A word-for-word reproduction of the data below is needed, with no pictures in it.

◆ RAW DATA
==========
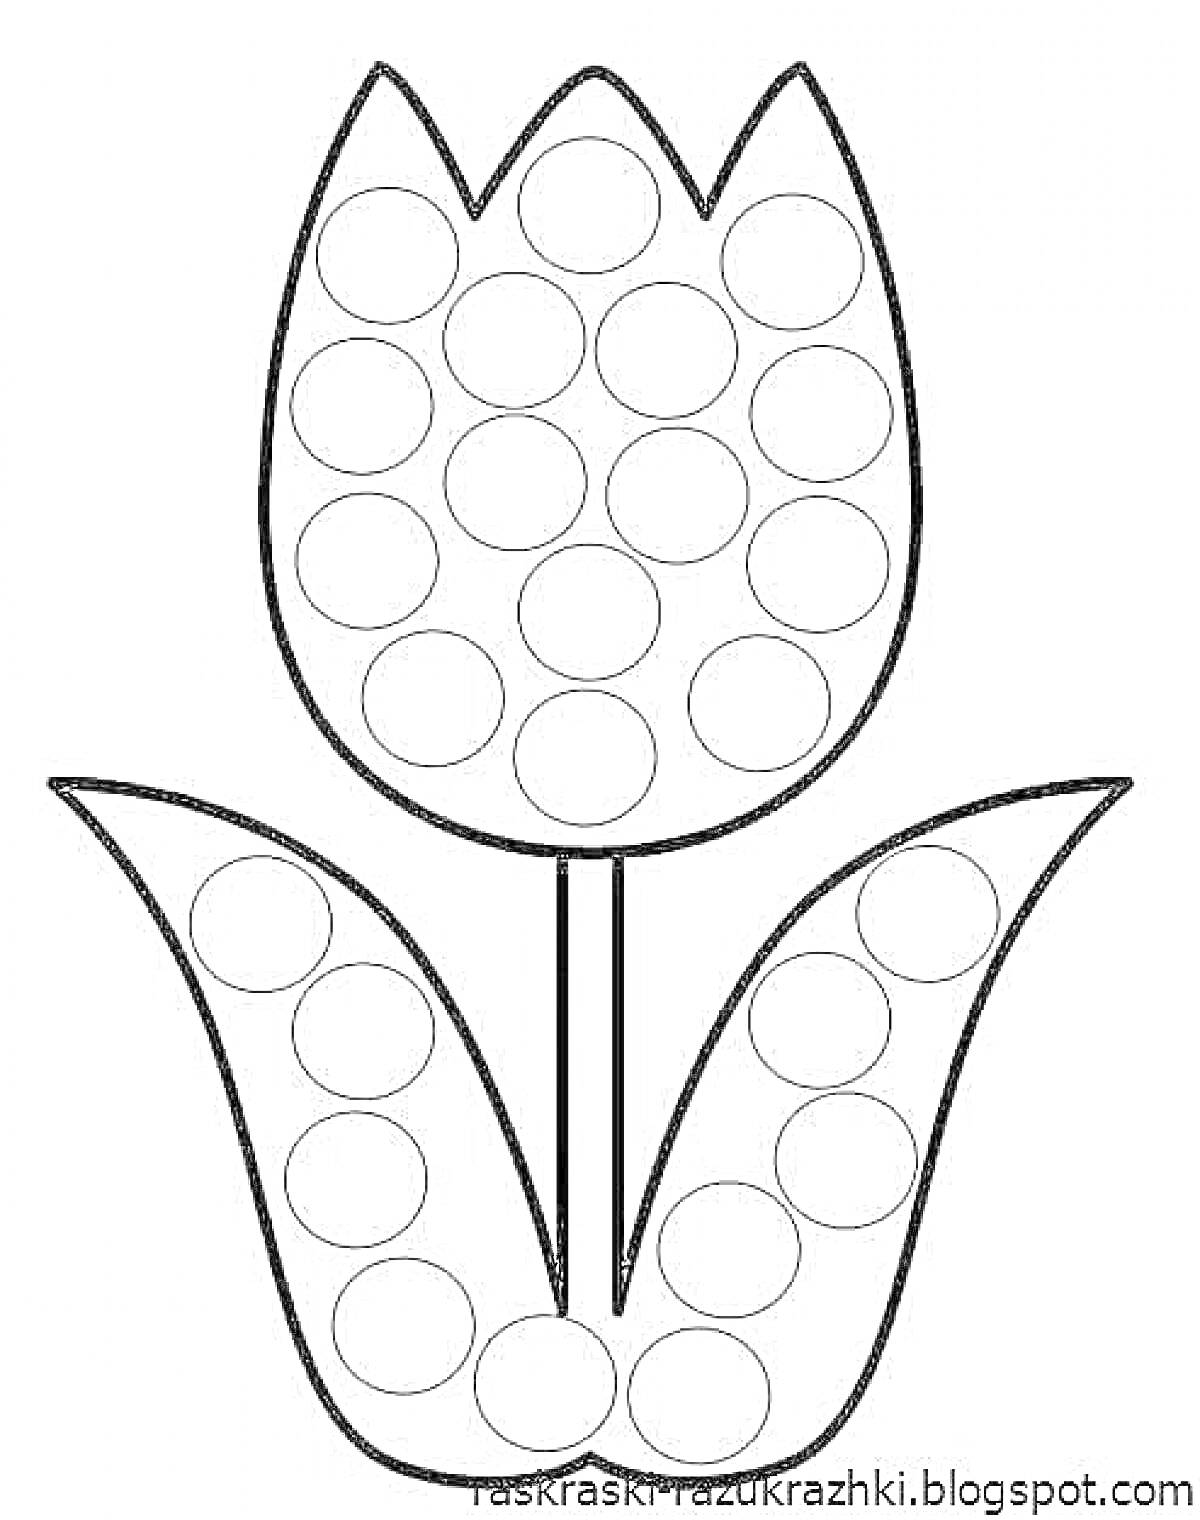 Раскраска Тюльпан с кругами для заполнения пластилином
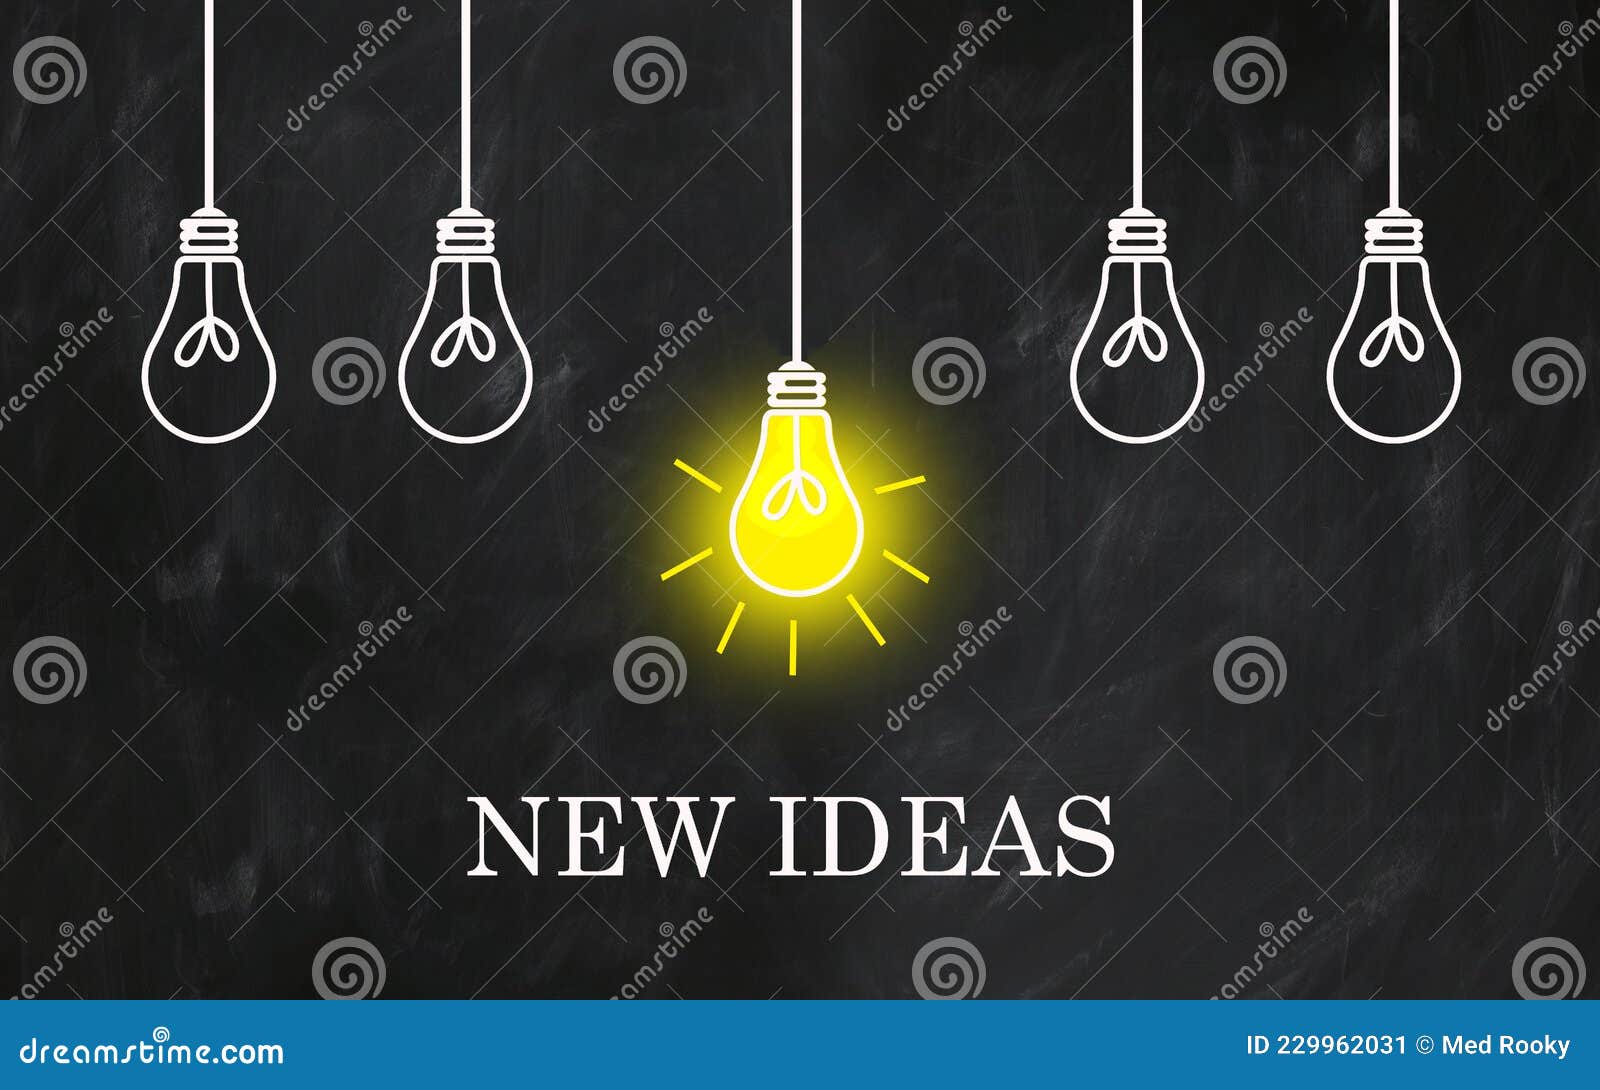 new ideas phrase with light bulbs on creative chalkboard
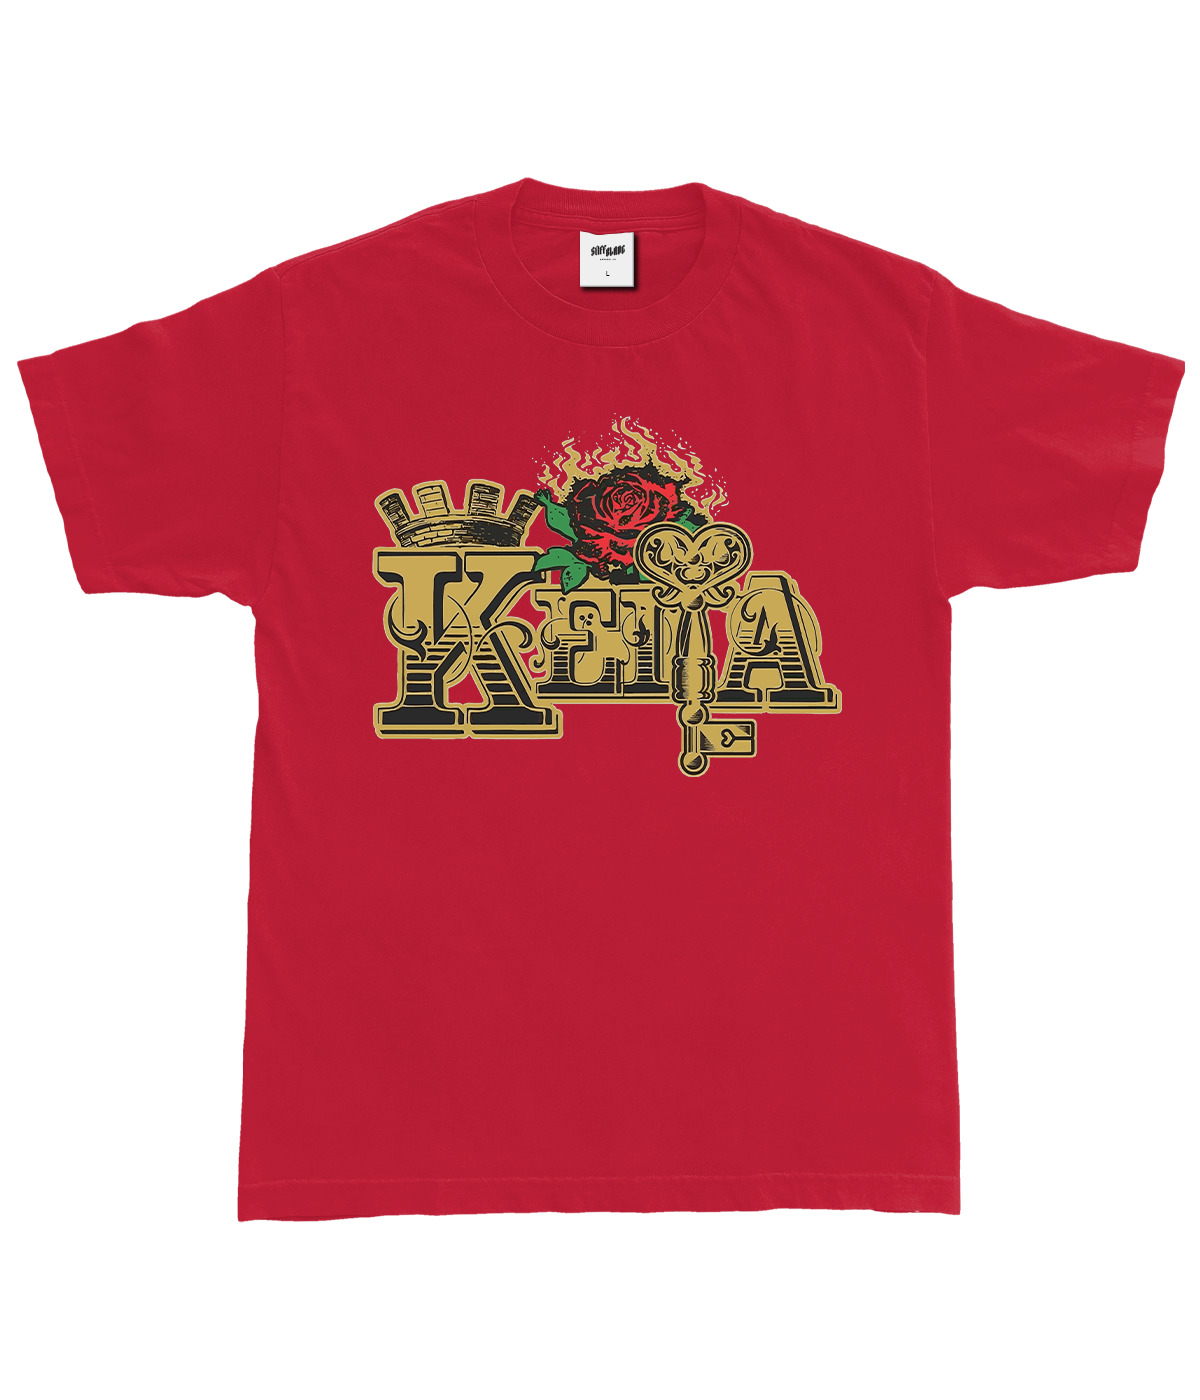 Keita - Logo Shirt
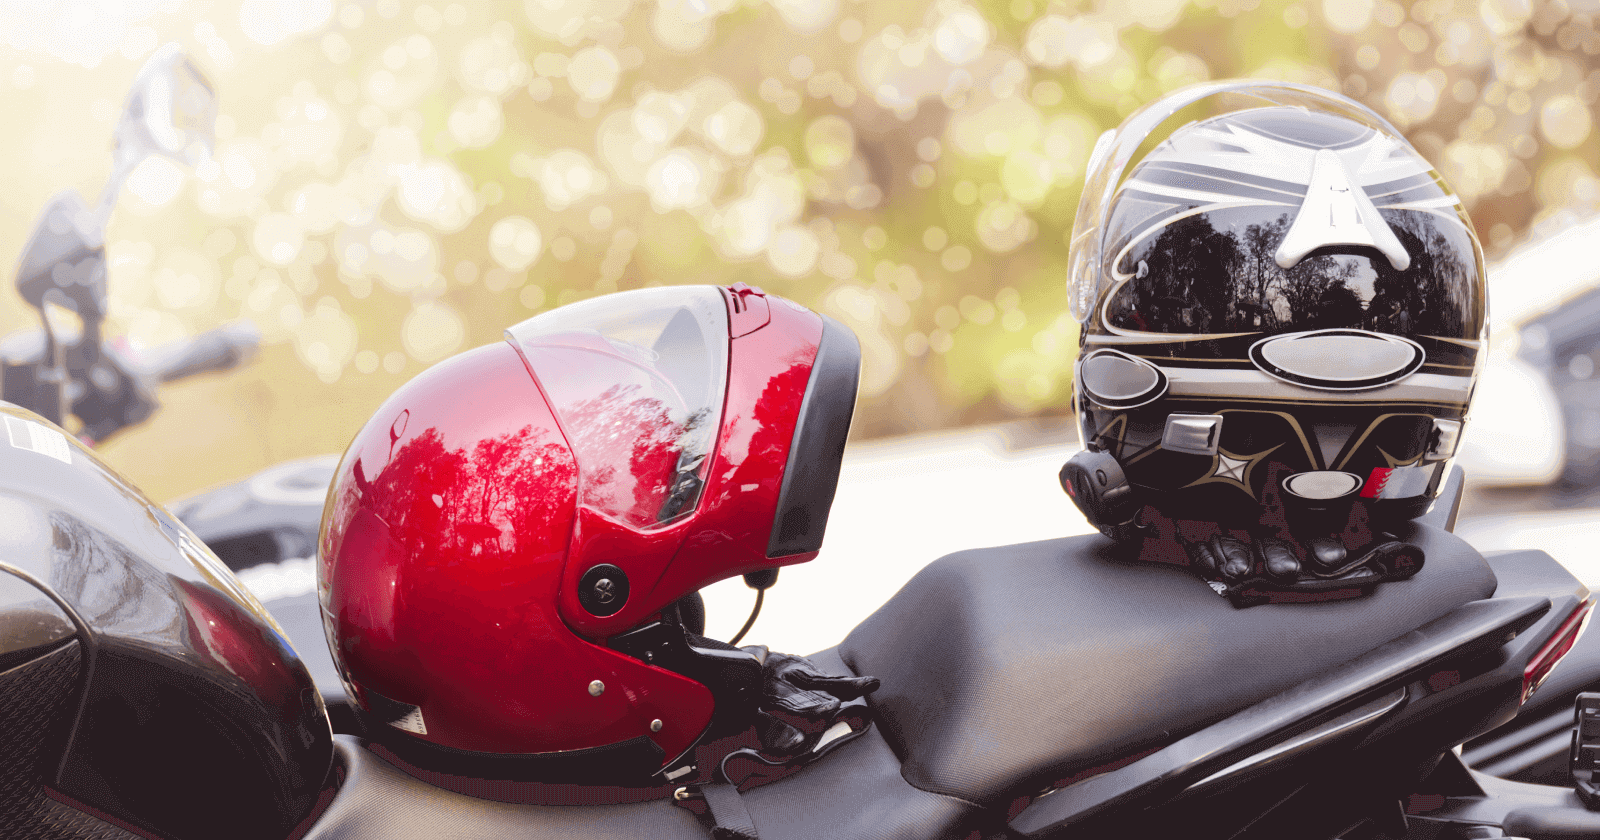 Best Motorcycle Helmets in India
==========
◆ ANSWER AREA
 Раскраска Тюльпан с кругами для заполнения пластилином
 new ideas phrase with light bulbs on creative chalkboard
 Keita - Logo Shirt
 Best Motorcycle Helmets in India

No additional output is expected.